> _Data provided_:
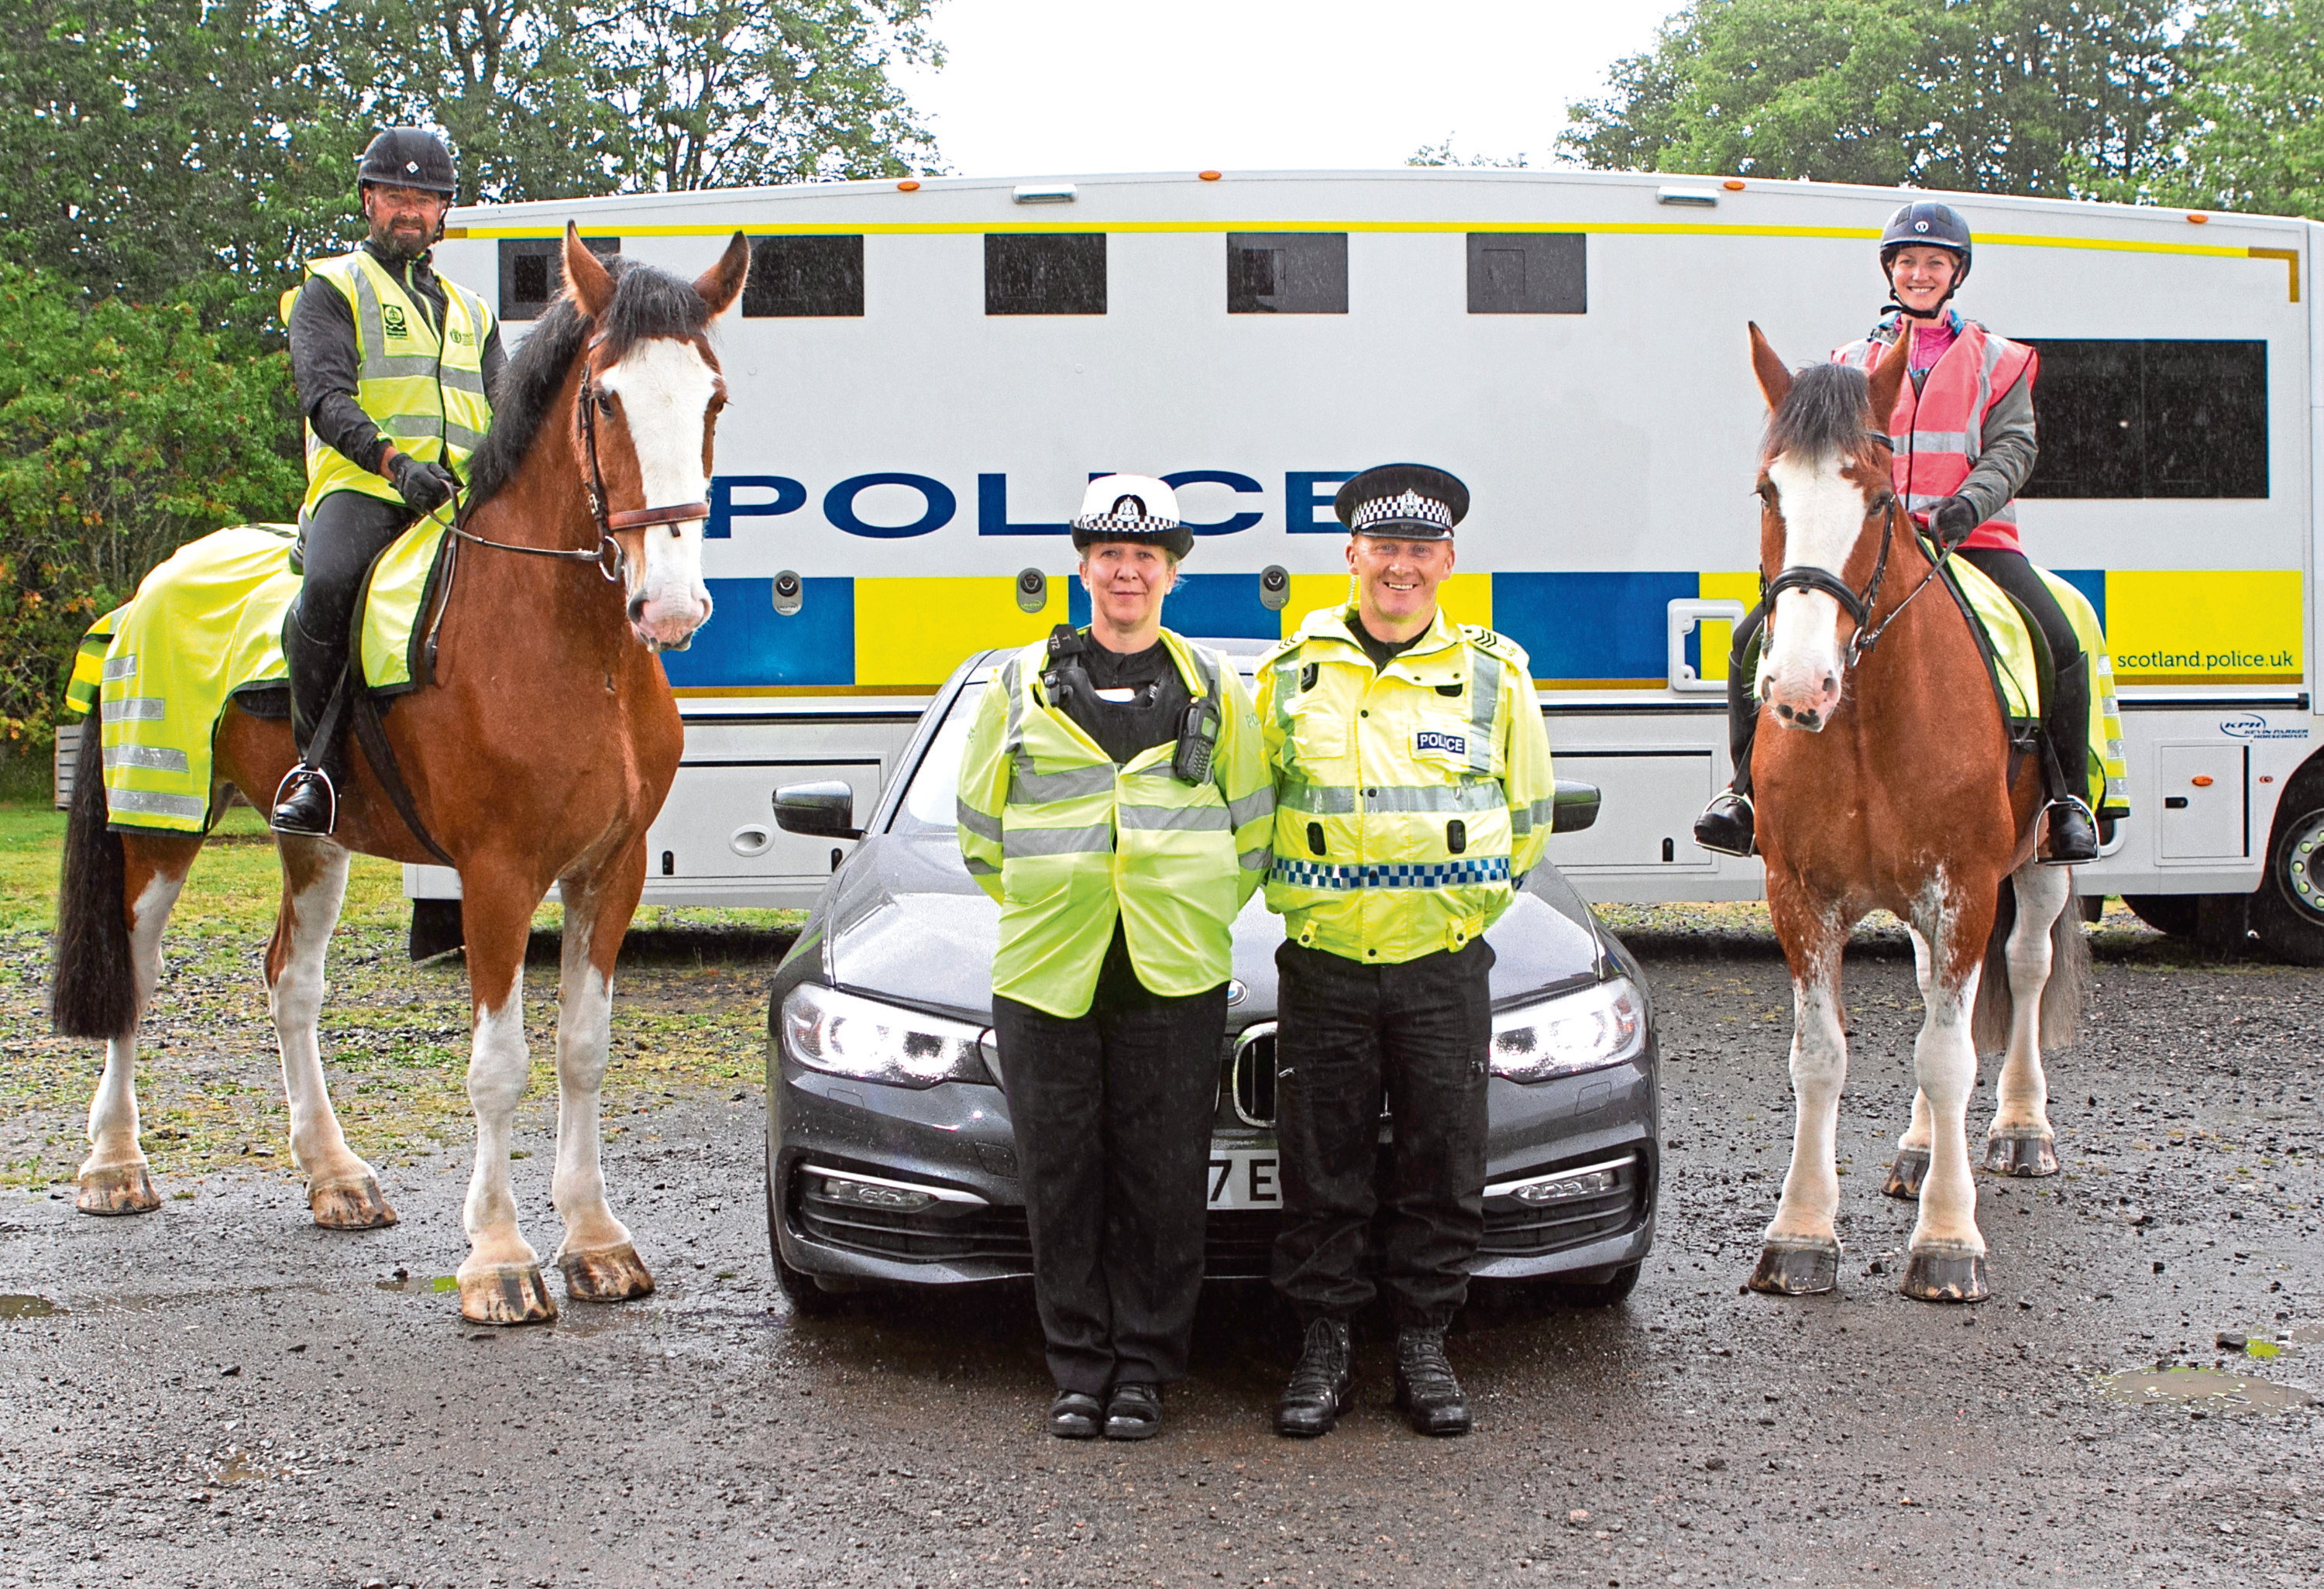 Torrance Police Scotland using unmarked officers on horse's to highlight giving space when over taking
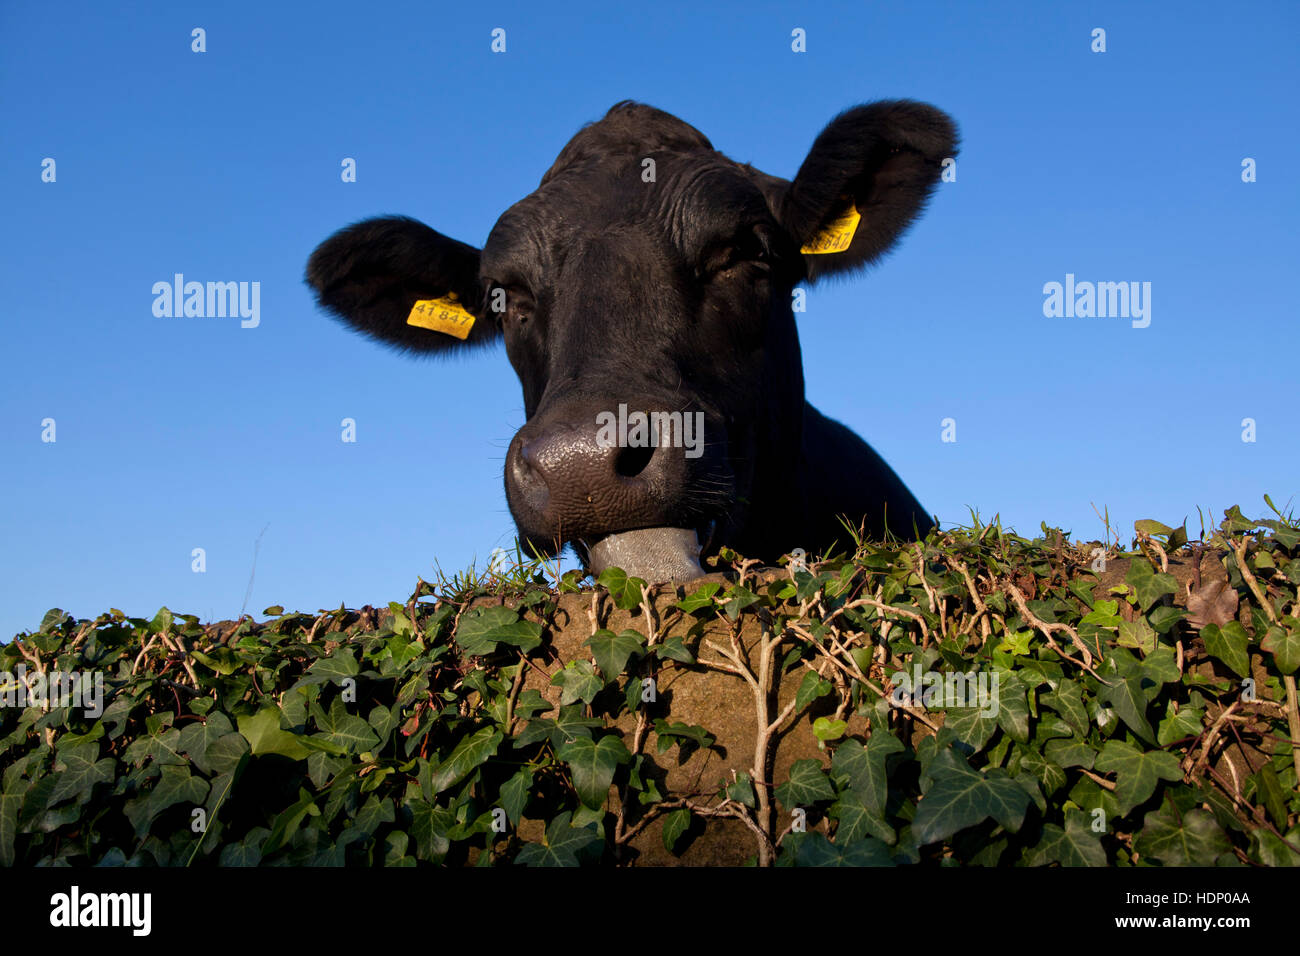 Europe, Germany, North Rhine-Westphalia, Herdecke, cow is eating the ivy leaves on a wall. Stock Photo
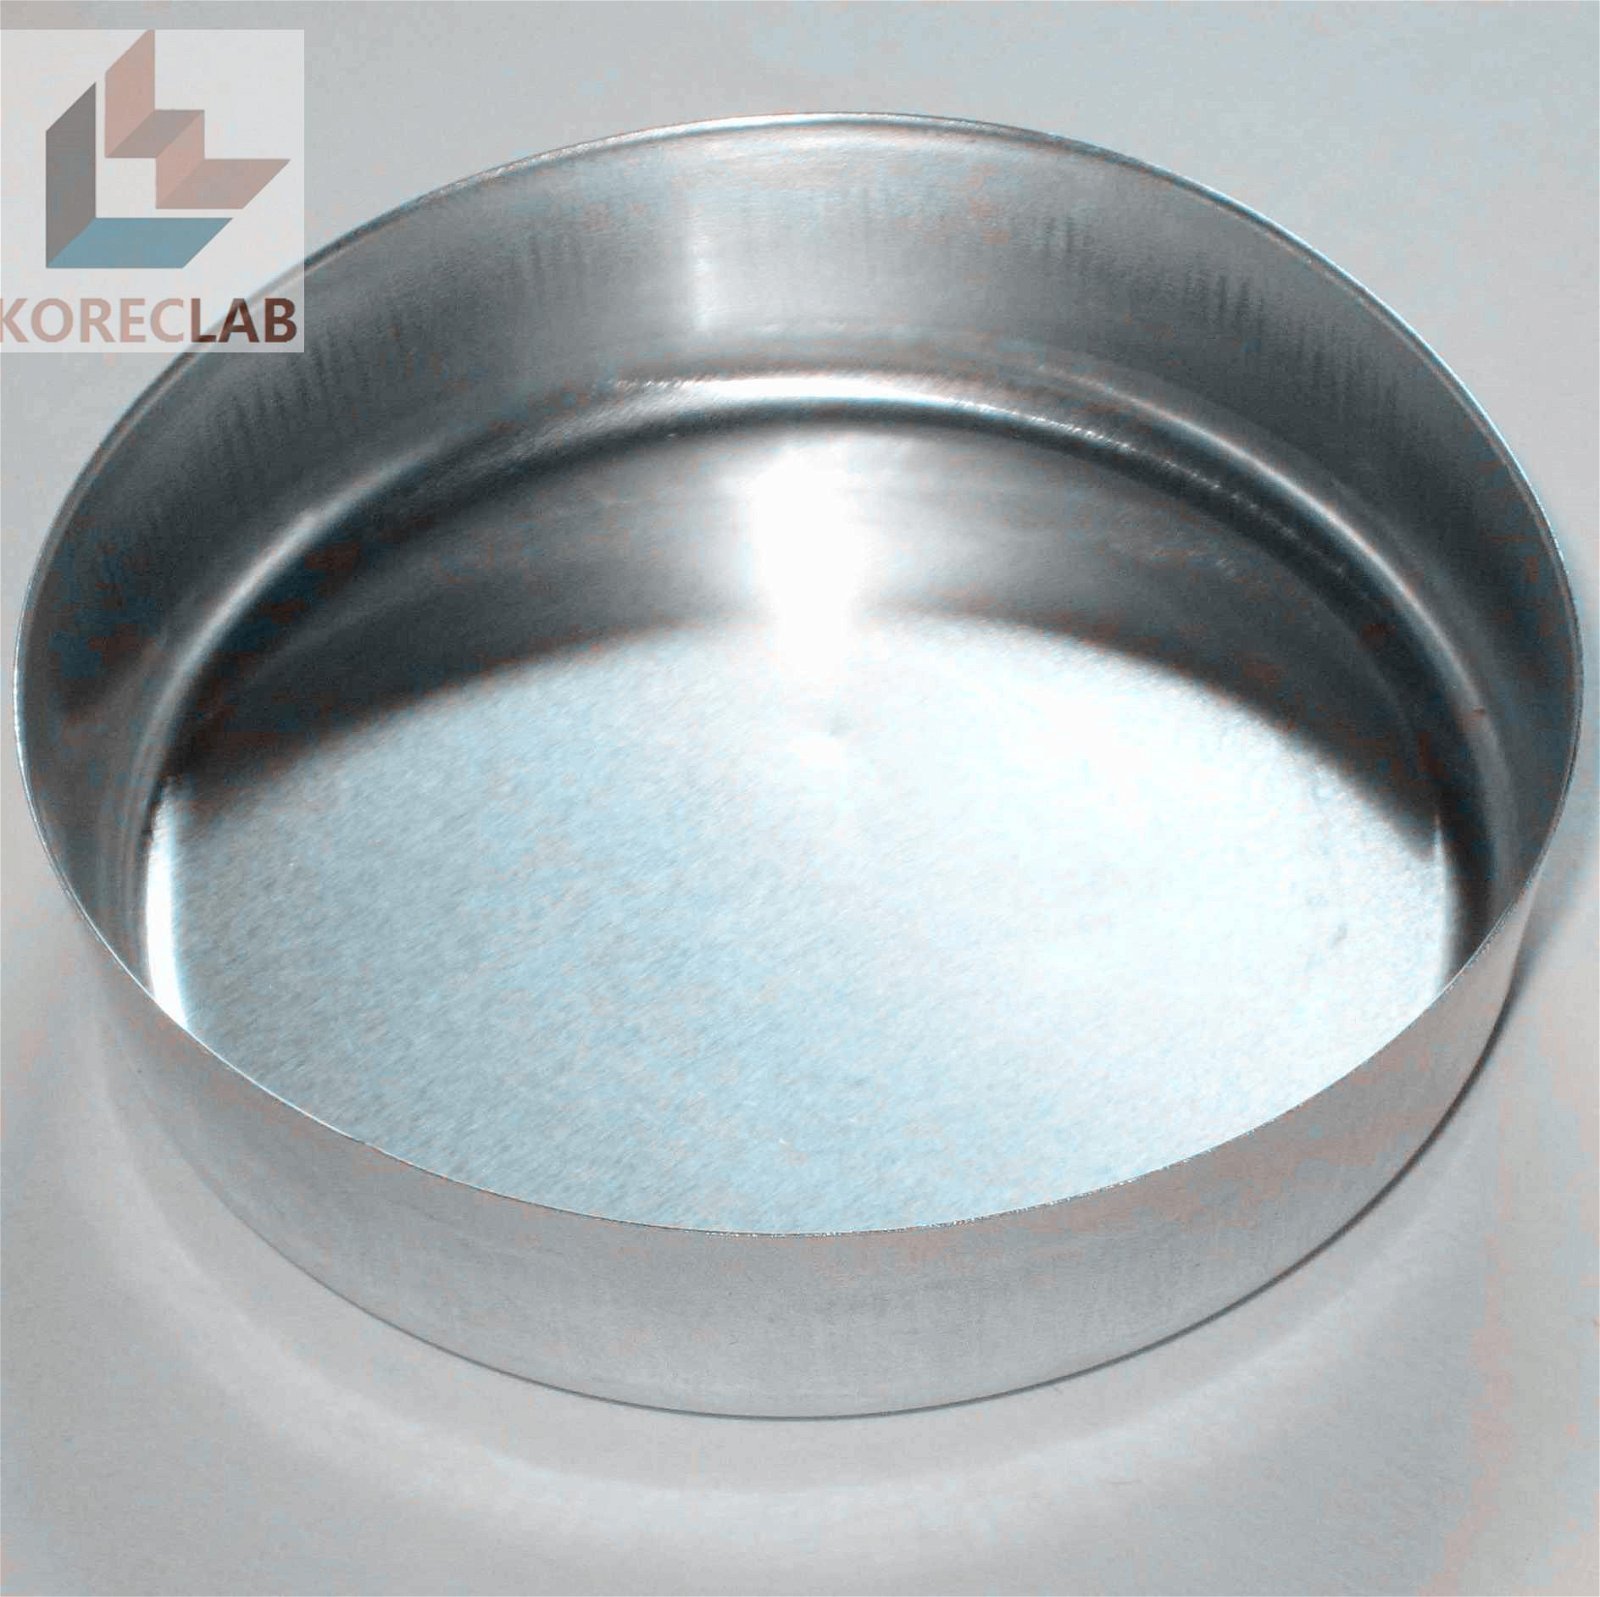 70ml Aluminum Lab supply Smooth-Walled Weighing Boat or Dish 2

> _Assigned task_: Give back the whole listing exactly, without pictures.

> _Solved exercise_:
 Torrance Police Scotland using unmarked officers on horse's to highlight giving space when over taking
 Europe, Germany, North Rhine-Westphalia, Herdecke, cow is eating the ivy leaves on a wall. Stock Photo
 70ml Aluminum Lab supply Smooth-Walled Weighing Boat or Dish 2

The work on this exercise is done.